The bacterial metabolism of propylene proceeds by epoxidation to epoxypropane followed by a sequence of three reactions resulting in epoxide ring opening and carboxylation to form acetoacetate. Coenzyme M (2-mercaptoethanesulfonic acid) (CoM) plays a central role in epoxide carboxylation by serving as the nucleophile for epoxide ring opening and the carrier of the C(3) unit that is ultimately carboxylated to acetoacetate, releasing CoM. In the present work, a 320-kb linear megaplasmid has been identified in the gram-negative bacterium Xanthobacter strain Py2, which contains the genes encoding the key enzymes of propylene oxidation and epoxide carboxylation. Repeated subculturing of Xanthobacter strain Py2 under nonselective conditions, i.e., with glucose or acetate as the carbon source in the absence of propylene, resulted in the loss of the propylene-positive phenotype. The propylene-negative phenotype correlated with the loss of the 320-kb linear megaplasmid, loss of induction and expression of alkene monooxgenase and epoxide carboxylation enzyme activities, and the loss of CoM biosynthetic capability. Sequence analysis of a hypothetical protein (XecG), encoded by a gene located downstream of the genes for the four enzymes of epoxide carboxylation, revealed a high degree of sequence identity with proteins of as-yet unassigned functions in the methanogenic archaea Methanobacterium thermoautotrophicum and Methanococcus jannaschii and in Bacillus subtilis.
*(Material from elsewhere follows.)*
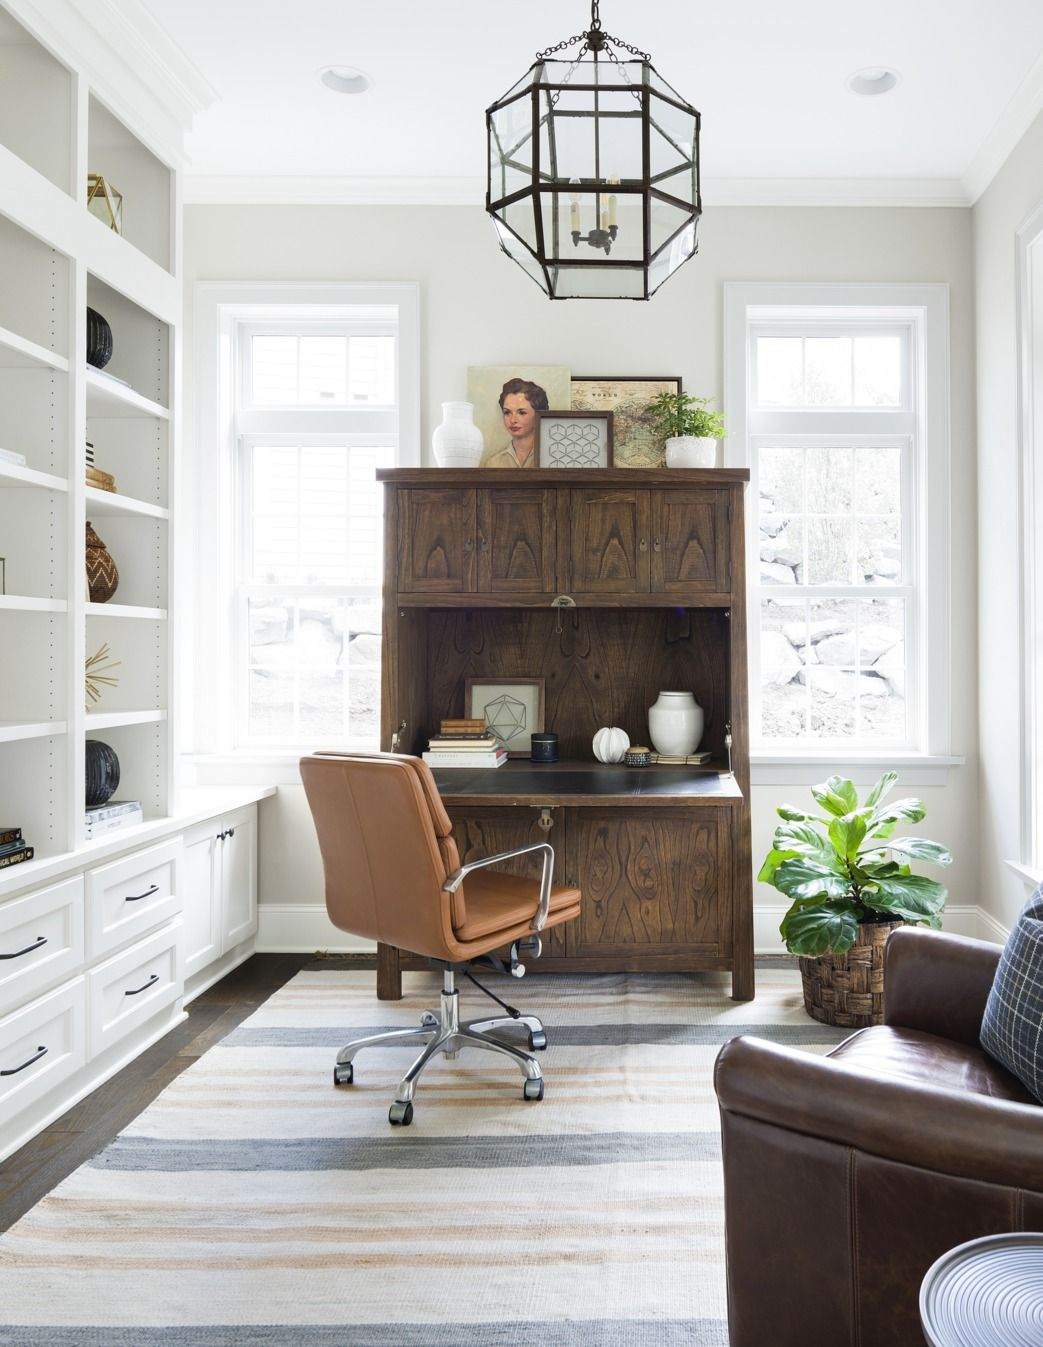 30 Sunroom Decorating Ideas - Best Designs for Sun Rooms

The M. jannaschii homolog of XecG, MJ0255, is located next to a gene, MJ0256, that has been shown to encode a key enzyme of CoM biosynthesis (M. Graupner, H. Xu, and R. H. White, J. Bacteriol. 182: 4862-4867, 2000). We propose that the propylene-positive phenotype of Xanthobacter strain Py2 is dependent on the selective maintenance of a linear megaplasmid containing the genes for the key enzymes of alkene oxidation, epoxide carboxylation, and CoM biosynthesis.

FIG. 1

Induction of alkene monooxygenase and epoxide carboxylation activities in acetate-grown Xanthobacter strain Py2 by propylene or epoxypropane. (A) Propylene remaining; (B) epoxypropane remaining. Symbols: □, wild-type strain Py2; ■ wild-type strain Py2 with rifampin and chloramphenicol; ○, propylene-negative strain Py2.101.

FIG. 2

Identification of a linear DNA molecule in Xanthobacter strain Py2 by CHEFE. Lane 1, fractionated high-molecular-weight DNA in propylene-negative strain Py2.101; lane 2, fractionated high-molecular-weight DNA in wild-type strain Py2; lane 3, molecular size markers (lambda concatemer).

FIG. 3

Genetic map of alkene monooxygenase (xamo) and epoxide carboxylase (xec) genes of Xanthobacter strain Py2. Representative genes are drawn to scale. xamoA, xamoB, xamoE, genes encoding the alpha, gamma, and beta subunits, respectively, of the alkene monooxygenase epoxygenase component; xamoC, gene for the alkene monooxygenase ferredoxin component; xamoF, gene for the alkene monooxygenase reductase component; xecA, gene for epoxyalkane:CoM transferase; xecC, gene for NADPH:2-ketopropyl-CoM carboxylase/oxidoreductase; xecD, gene for 2-R-hydroxypropyl-CoM dehydrogenase; xecE, gene for 2-S-hydroxypropyl-CoM dehydrogenase. xecB, xecF, and xecG encode hypothetical proteins of unknown function.

FIG. 4

PCR amplification of xamoA (A), xecC (B), and cfxL (C). Lanes 1, total high-molecular-weight DNA from wild-type strain Py2; lanes 2, CHEFE-purified genomic DNA from wild-type strain Py2; lanes 3, CHEFE-purified linear megaplasmid pEK1; lanes 4, total high-molecular-weight DNA from propylene-negative strain Py2.101; lanes 5, CHEFE-purified genomic DNA from propylene-negative strain Py2.101. The positions of the amplified products, which were verified by total sequence analysis, are indicated by the arrows.

FIG. 5

Multiple sequence alignment with Xanthobacter strain Py2 (Xanthobacter) hypothetical protein XecG, M. thermoautotrophicum (strain Delta H) (M. thermoauto) hypothetical protein MTH1674, M. jannaschii hypothetical protein MJ0255, and B. subtilis hypothetical protein YitD. Residues in white typeface are identical in all four proteins, and residues highlighted in gray are 75% identical or similar in properties. GenBank accession numbers for the genes encoding the protein sequences of XecG, MTH1674, MJ0255, and YitD are AY024334, G69090, Q57703, and E69839, respectively.